What to change for next bash: ...

### Action items

- [ ] Bob: fix BUG-987 cluster within 48h (release blocker).
- [ ] Dave: fix EU locale cluster in current sprint.
- [ ] Eve: backlog the 12 cosmetic items for grooming.
- [ ] Facilitator: schedule next bash for `v1.5.0` release.

Step 6 - Async participants

Team members who can't attend live get a mini-charter to run solo within the same week:

# Async bug bash mini-charter — `<release>` (cohort: pick one)

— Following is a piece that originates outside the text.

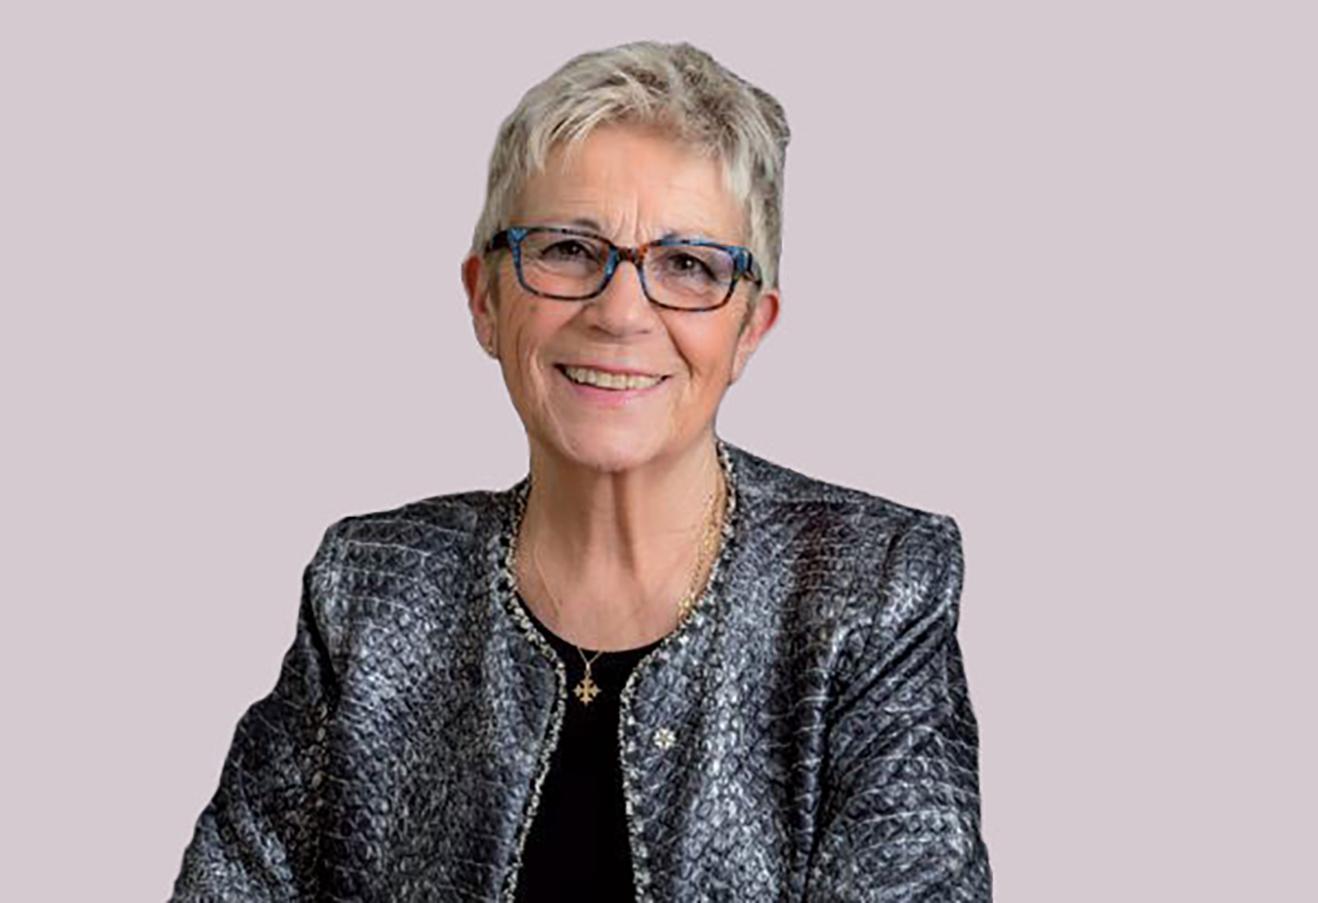 Portrait de Monique Rubin, Présidente de la Fédération des marchés de France

You missed the live bash; here's the 30-min version. Pick a
cohort that wasn't done yet (or revisit one with a new lens).

(charter cohort body)

When done, log findings to the same shared board with
`async` tag.

Async participation isn't ideal (no roving facilitator, no live triage) but it broadens coverage.

Anti-patterns

Anti-pattern	Why it fails	Fix
Open-ended "everyone test for an hour"	Heavy duplication; no coverage map; debrief skipped.	Cohorts + charters (Step 1).
No real-time triage	Debrief becomes a 3-hour classification exercise.	Roving facilitator triages live (Step 3).
Scoring as performance review	Testers chase points, miss high-value bugs.	Scoring is for fun + motivation; explicit "not performance" disclaimer.
Bug bash without test-data prep	Testers spend half the time creating accounts.	Pre-prep test data 1 week ahead (Step 1).
Same-cohort assignments quarter after quarter	Same testers find the same bugs.	Rotate assignments; mid-bash cohort swap (Step 2).
Post-bash with no follow-up actions	Bugs sit in the backlog; team disillusioned by next bash.	Action items per cluster owner (Step 5).
Running the bash on a stale build	Bugs found are already-fixed; testers waste time.	Tag the build SHA; verify staging is current.

Limitations

High coordination cost. A bug bash is 90 min of testing × N testers + 1-2 hours facilitator prep + 30 min debrief authoring. Don't run weekly; ~quarterly is the right cadence for most teams.
Findings depend on coverage. Cohorts cover what's assigned; gaps invisible. Pair with automated regression for known shapes.
Doesn't replace per-feature exploratory. A bash hits breadth; per-feature exploratory hits depth. Both have a place.
Async less effective than live. Without live triage and the cohort swap, async finds fewer bugs per hour.

References

exploratory-charter-author - provides the per-cohort charters this bash composes.
exploratory-tours-reference - the heuristics menu the cohorts pick from.
manual-test-debrief - the PROOF debrief format the bug-bash debrief inherits from.
synthetic-data-toolkit - used in the test-data-prep step.
bug-repro-builder - downstream: turn each bash-found bug into a structured repro.